Results and Validation
Time-Series Validation Strategy
To prevent any data leakage and simulate a realistic use case, we maintained a strict chronological split between training and final evaluation:
- Training Set (2012 → End of 2021): This dataset is used to train both the base model (AR + calendar) and the residual correction model based on weather variables.
- Final Test Set (2022 → 2024): This dataset remains completely isolated during development and is utilized only once for the final evaluation reported in this tutorial.
This approach ensures that the presented performance reflects a genuine ability to generalize over time.
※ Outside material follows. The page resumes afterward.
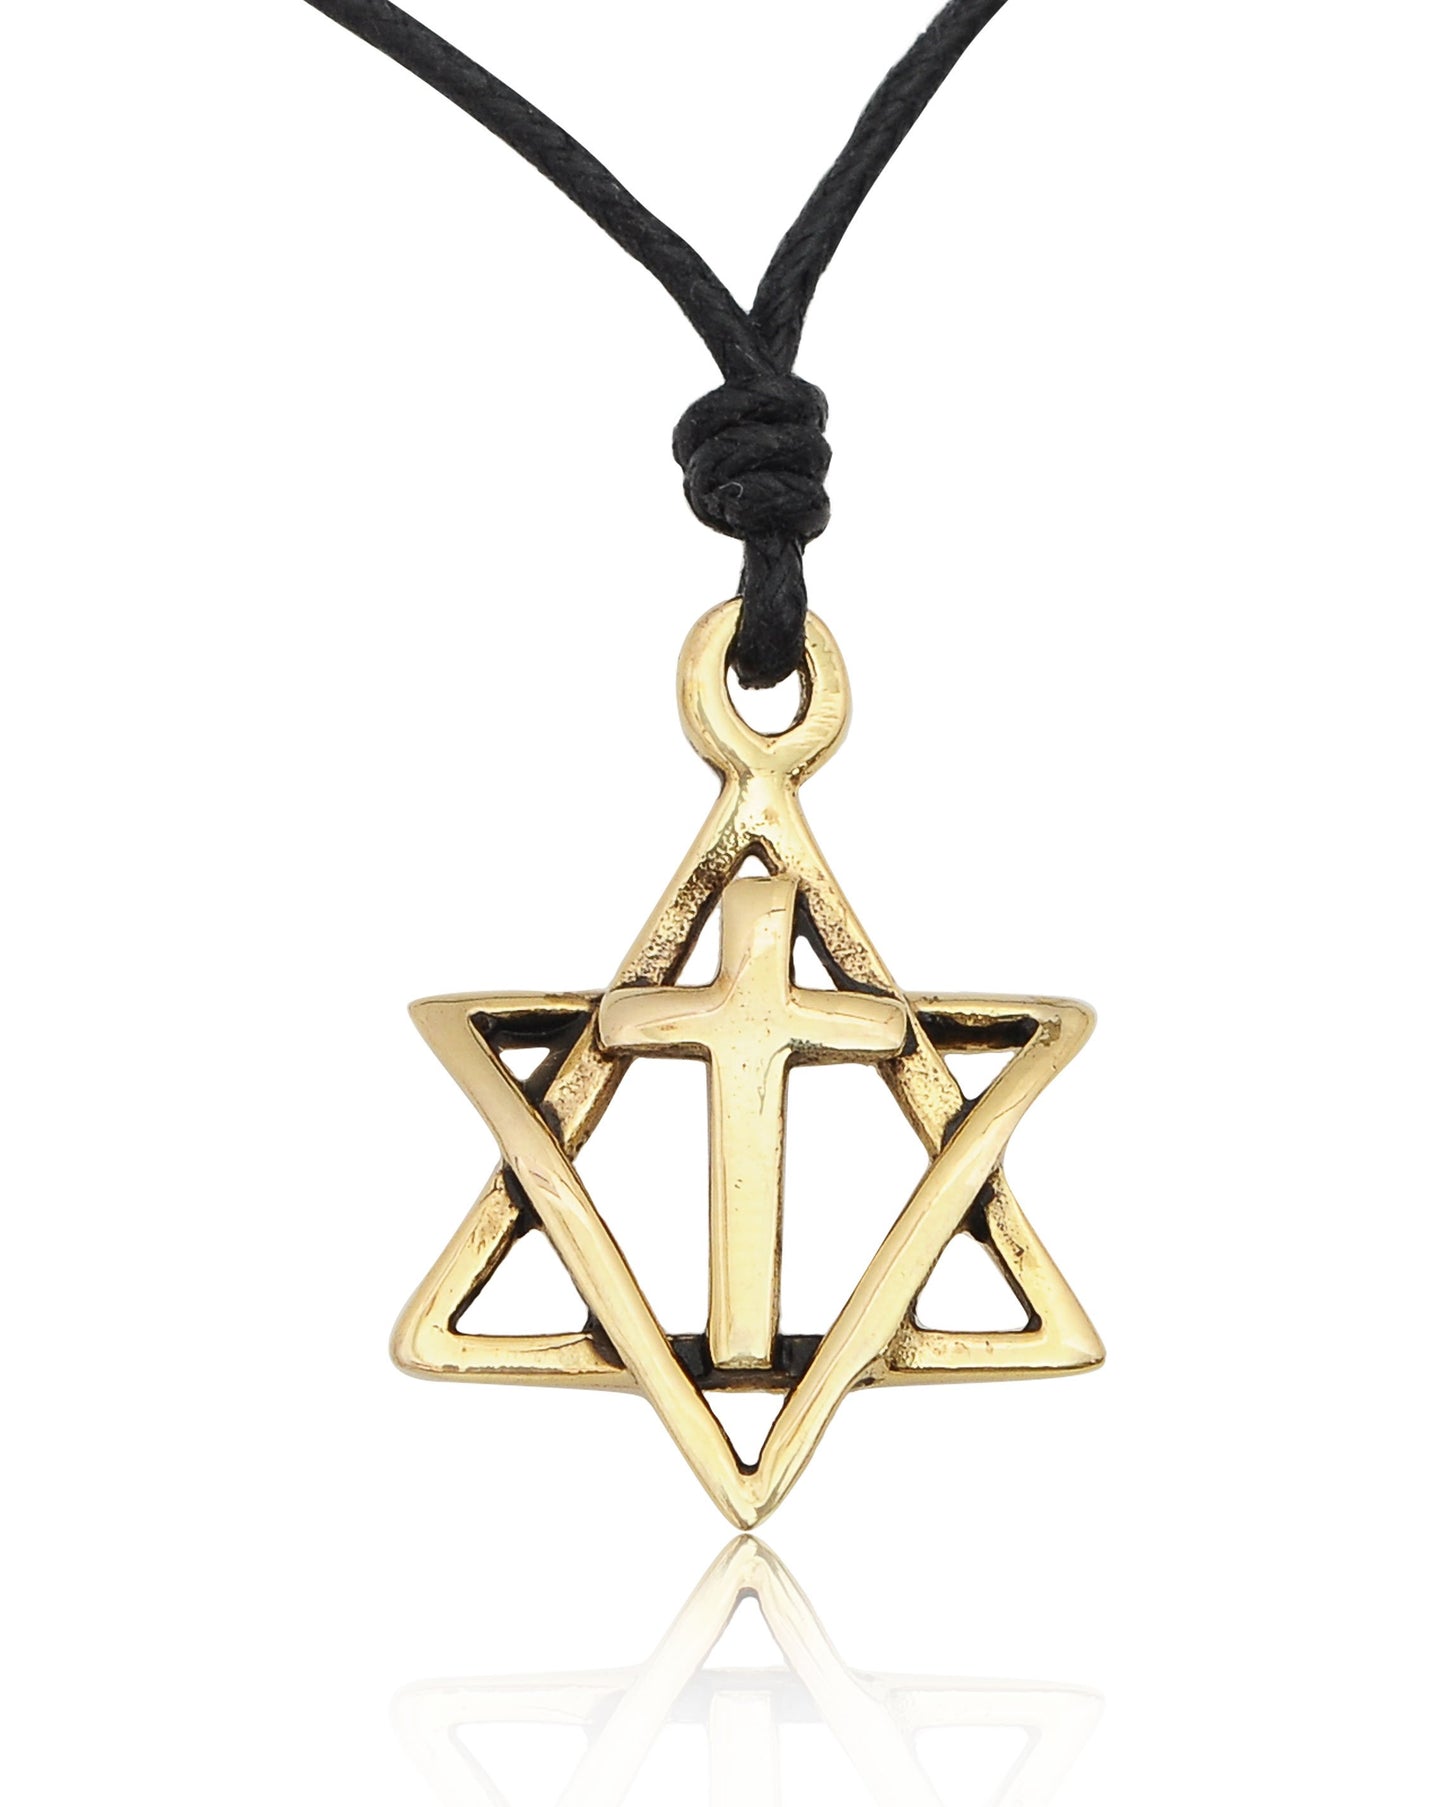 Jewish Jesus Star of David 92.5 Sterling Silver Brass Necklace Pendant Jewelry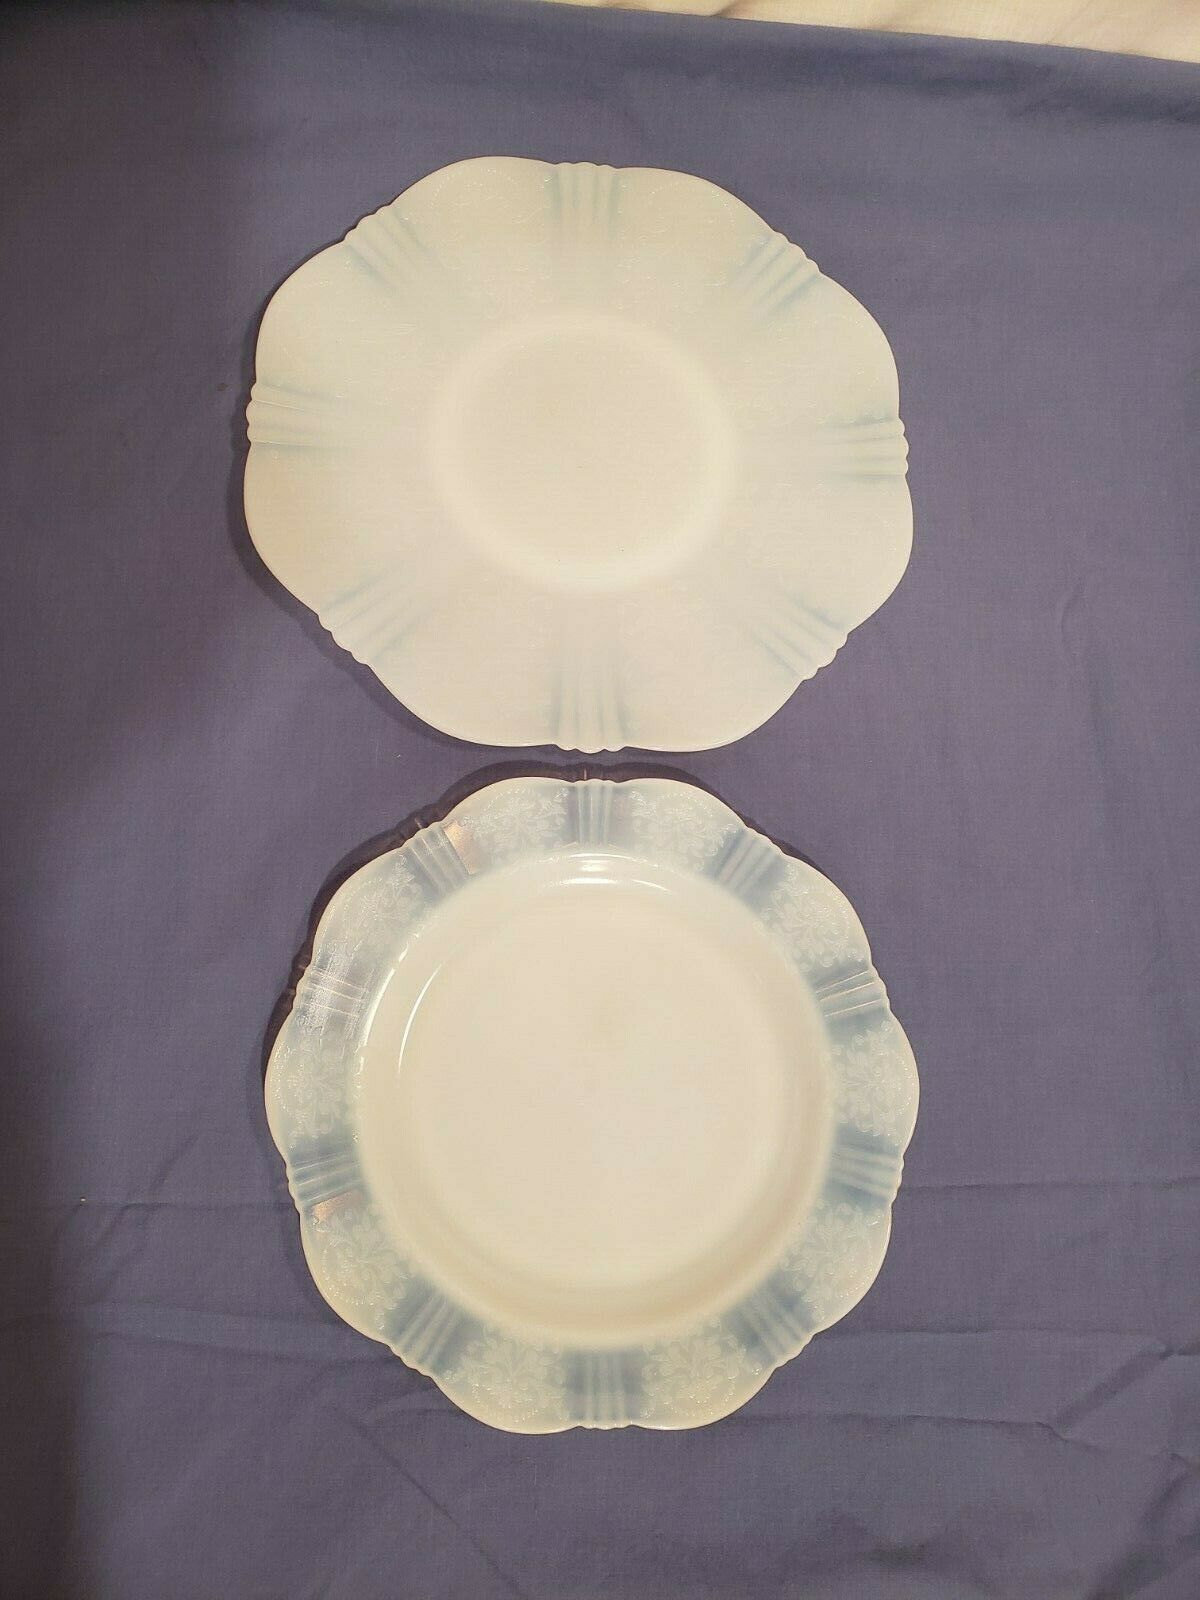 Vintage Macbeth-evans Sweetheart Monax White Depression Plates, 2 Sizes

The split strictly respects the chronology of the data and reproduces the actual conditions of a real-world forecasting environment.
Additionally, using a simple linear model (LinearRegression) helps mitigate overfitting risks and facilitates the interpretation of the results.
Thanks to this two-stage architecture—a base AR + calendar model followed by a residual correction model built on thermal aggregates—we ultimately achieve a significant boost in predictive performance.
Over the 2022–2024 test period, the Mean Absolute Error (MAE) drops from approximately 26,300 MWh for the AR + calendar model to around 24,307 MWh once meteorological variables are integrated. This represents a reduction of about 1,993 MWh, or roughly a 7.6% improvement over the baseline error.
While this gain might seem modest in absolute terms, it is highly significant in the context of large-scale energy systems, where even minor forecasting improvements can yield substantial operational benefits.
Qualitative Model Behavior
An initial way to analyze the impact of the weather variables is to directly compare the predictions of the base model against those of the final model over a representative period.
The window selected here covers the month of February 2022, which was marked by several major shifts in consumption driven by winter thermal conditions.
Figure 2 — Comparison of base model (AR + calendar) and final model predictions against actual consumption over a representative winter period (February 2022)
The AR + calendar model already successfully captures the overall dynamics of the series, confirming the effectiveness of the autoregressive component and the calendar variables. However, some discrepancies emerge during episodes of sharp demand fluctuations, particularly around winter consumption peaks.
The addition of weather variables helps correct a portion of these errors. The final model tracks the actual series more closely across multiple sequences, especially during the rapid thermal transitions observed throughout the month.
Over this specific test window, the Mean Absolute Error (MAE) drops from approximately 33,600 MWh for the AR + calendar model to around 28,800 MWh after adding the meteorological correction—a local improvement of about 14%.
This gain aligns perfectly with the core thesis of this tutorial: thermal variables provide valuable additional information primarily when weather conditions heavily drive energy requirements.
Error Distribution
The improvement observed visually can be quantified by comparing the distribution of absolute errors over the same period.
Figure 3 — Distribution of absolute errors for the base model and the final model (February 2022)
Analyzing the error distribution confirms the observations made on the prediction curves.
The median absolute error decreases noticeably after adding the weather variables, indicating that the corrected model improves not only a few isolated cases but also a significant share of routine forecasts over this winter period.
The effect is even more pronounced in the upper tail of the distribution. The 95th percentile of absolute errors drops from approximately 88,900 MWh to around 79,700 MWh, representing a reduction of nearly 10%. Consequently, the largest errors become both less frequent and less severe once the meteorological correction is introduced.
This improvement aligns with the role played by thermal variables: they provide valuable additional information primarily on days when weather conditions heavily influence electricity demand, particularly during the most severe winter snaps.
These results suggest that integrating thermal aggregates does more than just improve average forecasting accuracy. It also helps make the system more robust when facing the most challenging scenarios to predict, which happen to be the most critical from an operational perspective.